Algae create more biomass than other microbes and, for the most part, do not produce hazardous chemicals [28]. C. vulgaris has lately gained popularity for treating heavy metal pollution in aquatic environments [2,29]. The present study examined the feasibility of using the green algae C. vulgaris, which was employed in this study to observe its ability to adsorb arsenic from an aqueous external environment.

2. Materials and Methods

2.1. Sodium Arsenite

The stock solution of NaAsO₂ was made at a concentration of 1000 mgL⁻¹ as the source of arsenic (III). After that, the solutions were diluted to the desired concentration and tested [30]. All chemicals and reagents used were purchased from Merck (Fischer Chemicals, Zurich, Switzerland).

2.2. Microalgal Sample

Chlorella vulgaris (SAG 211-11b) was the name of the microalgal strain employed in this study. This strain was purchased from Goettingen University’s Culture Collection of Algae and re-cultured in 10 mL of Chlorella vulgaris-appropriate Fog’s Medium.

2.3. Preparation of Adsorbent Biomass

These steps were used to prepare the microalgal biomass. First, the algal biomass was deactivated in an autoclave at 121 °C for 10 min. Second, the deactivated biomass was collected by filtering cultured media using cellulose nitrate Whatman membranes with pore sizes of 45 m and washed with deionized water. Third, the biomass was sun-dried for three days before being oven-dried at 55 °C for 24 h and pulverized in a stone mortar and pestle to achieve a uniform particle size. For future usage, forty sieved materials were stored in an airtight container [31].

2.4. Factors Affecting the Adsorption Process

The optimal conditions for arsenic adsorption by C. vulgaris were determined in batch mode at 30 ± 1 °C using several parameters such as pH (2, 4, 6, and 8), biomass dose (0.25, 0.5, 0.75, 1.0, 1.25, 1.5, 1.75, and 2.0 gL⁻¹), contact interval (15, 30, 60, 120, 150, and 180 min), and initial concentration (25, 50, 75, 100, 150, and 200 mgL⁻¹). Experiments were carried out in three copies in a 150 rpm orbital incubator using 250 mL conical flasks containing 100 mL of arsenic solution.

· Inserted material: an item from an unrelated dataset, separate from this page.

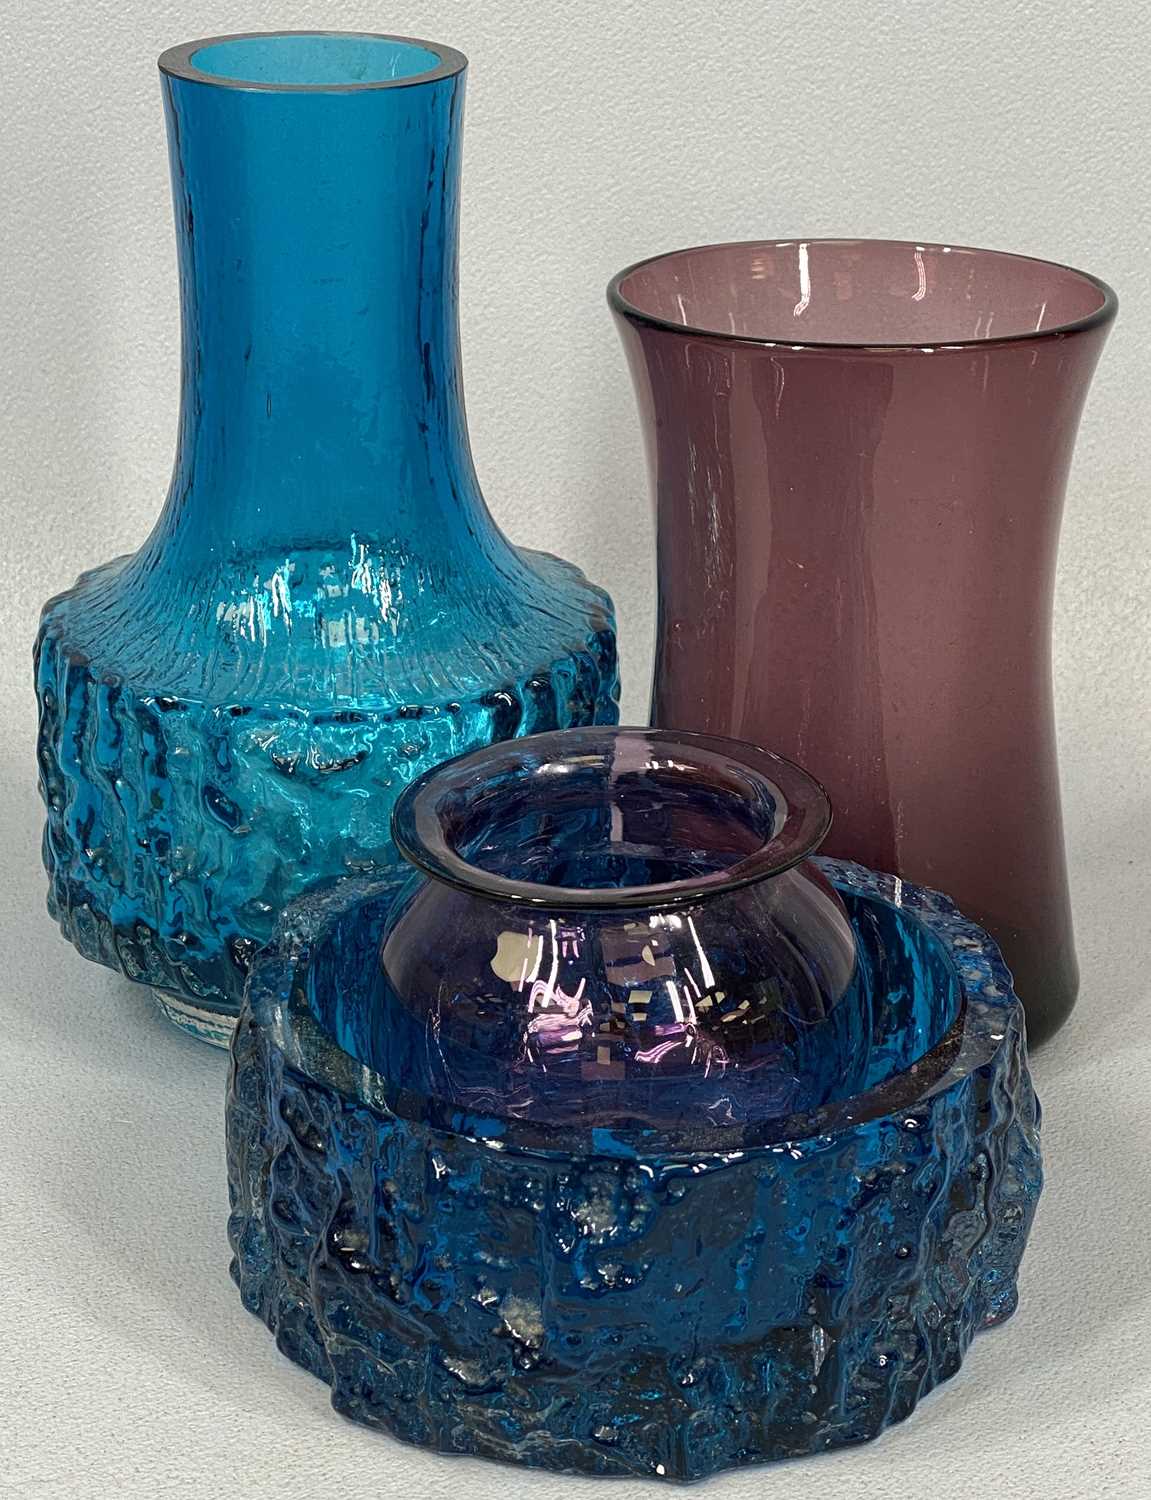 WHITEFRIARS & OTHER GLASSWARE, including turquoise textured vase, 18cms (h) shallow bowl, 13cms ( - Image 4 of 5

After centrifugation incubation at 4000 rpm for 10 min, the microalgal biomass was separated. The supernatant was filtered via 0.45-micron Millipore filters, and the filtering was tested for residual arsenic using an atomic absorption spectrometer set at 283.3 nm (VARIAN, Inc., AA24OFS model).

2.5. Elemental Analysis

The chemical constituents of the algal adsorbent (% of carbon, hydrogen, nitrogen, and oxygen) were analyzed using an elemental analyzer (Eltra GmbH, Retsch-Allee, Haan, Germany).

2.6. FTIR Analysis

The functional groups of the algal adsorbent and arsenic (III)-loaded algal adsorbent were further investigated using a Fourier-transform infrared (FTIR) spectrophotometer (Mattson Satellite 5000 FTIR, Warwickshire, UK) in the 400–4000 cm⁻¹ wave number range.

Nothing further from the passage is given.